Dataset excerpts:
==================================================
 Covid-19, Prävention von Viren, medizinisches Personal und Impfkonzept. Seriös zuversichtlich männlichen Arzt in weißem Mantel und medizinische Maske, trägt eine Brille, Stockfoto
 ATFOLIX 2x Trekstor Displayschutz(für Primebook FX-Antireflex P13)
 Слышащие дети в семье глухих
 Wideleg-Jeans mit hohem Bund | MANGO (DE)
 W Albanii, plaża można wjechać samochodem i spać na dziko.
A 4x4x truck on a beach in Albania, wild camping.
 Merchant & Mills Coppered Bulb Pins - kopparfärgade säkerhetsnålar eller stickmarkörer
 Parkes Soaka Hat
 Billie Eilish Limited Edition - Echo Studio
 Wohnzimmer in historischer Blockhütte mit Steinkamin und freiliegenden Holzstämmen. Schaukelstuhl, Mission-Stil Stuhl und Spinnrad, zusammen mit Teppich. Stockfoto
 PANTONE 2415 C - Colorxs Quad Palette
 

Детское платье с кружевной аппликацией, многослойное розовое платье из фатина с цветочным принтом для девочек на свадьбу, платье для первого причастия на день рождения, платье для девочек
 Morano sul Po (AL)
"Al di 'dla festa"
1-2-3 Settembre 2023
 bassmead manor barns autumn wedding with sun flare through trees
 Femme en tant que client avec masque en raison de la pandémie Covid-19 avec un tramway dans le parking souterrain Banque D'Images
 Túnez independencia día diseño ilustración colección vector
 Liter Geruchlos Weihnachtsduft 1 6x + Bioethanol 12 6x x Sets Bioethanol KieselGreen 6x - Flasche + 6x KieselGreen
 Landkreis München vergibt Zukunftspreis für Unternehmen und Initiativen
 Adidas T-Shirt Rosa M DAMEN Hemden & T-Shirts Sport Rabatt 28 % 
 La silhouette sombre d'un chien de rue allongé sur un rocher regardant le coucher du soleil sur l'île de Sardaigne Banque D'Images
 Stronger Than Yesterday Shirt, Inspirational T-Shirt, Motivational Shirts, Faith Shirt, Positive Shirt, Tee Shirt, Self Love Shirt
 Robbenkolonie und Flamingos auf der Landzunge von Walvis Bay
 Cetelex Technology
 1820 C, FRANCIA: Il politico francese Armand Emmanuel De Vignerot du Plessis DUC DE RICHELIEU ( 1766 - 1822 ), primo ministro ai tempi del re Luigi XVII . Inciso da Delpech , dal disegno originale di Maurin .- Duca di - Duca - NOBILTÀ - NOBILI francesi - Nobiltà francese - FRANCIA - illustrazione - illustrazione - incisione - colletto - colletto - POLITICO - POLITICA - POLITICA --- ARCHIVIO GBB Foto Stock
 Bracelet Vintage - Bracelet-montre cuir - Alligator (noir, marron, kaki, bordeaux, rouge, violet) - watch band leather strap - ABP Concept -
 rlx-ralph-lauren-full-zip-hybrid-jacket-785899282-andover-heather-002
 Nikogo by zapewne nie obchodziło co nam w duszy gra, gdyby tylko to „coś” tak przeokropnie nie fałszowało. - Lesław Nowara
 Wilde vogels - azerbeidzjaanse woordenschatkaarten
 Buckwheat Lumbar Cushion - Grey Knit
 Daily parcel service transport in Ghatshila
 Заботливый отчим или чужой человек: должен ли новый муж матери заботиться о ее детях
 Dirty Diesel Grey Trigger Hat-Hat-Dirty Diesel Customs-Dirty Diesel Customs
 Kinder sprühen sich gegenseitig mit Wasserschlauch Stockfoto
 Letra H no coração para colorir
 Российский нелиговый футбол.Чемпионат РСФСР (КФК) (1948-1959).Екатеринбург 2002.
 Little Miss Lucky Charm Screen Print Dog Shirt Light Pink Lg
==================================================
Could you return exactly the stretch of the data above that starts at the line with "PANTONE 2415 C - Colorxs Quad Palette" and ends at the line with "Adidas T-Shirt Rosa", both lines included?

● Answer space:
 PANTONE 2415 C - Colorxs Quad Palette
 

Детское платье с кружевной аппликацией, многослойное розовое платье из фатина с цветочным принтом для девочек на свадьбу, платье для первого причастия на день рождения, платье для девочек
 Morano sul Po (AL)
"Al di 'dla festa"
1-2-3 Settembre 2023
 bassmead manor barns autumn wedding with sun flare through trees
 Femme en tant que client avec masque en raison de la pandémie Covid-19 avec un tramway dans le parking souterrain Banque D'Images
 Túnez independencia día diseño ilustración colección vector
 Liter Geruchlos Weihnachtsduft 1 6x + Bioethanol 12 6x x Sets Bioethanol KieselGreen 6x - Flasche + 6x KieselGreen
 Landkreis München vergibt Zukunftspreis für Unternehmen und Initiativen
 Adidas T-Shirt Rosa M DAMEN Hemden & T-Shirts Sport Rabatt 28 % 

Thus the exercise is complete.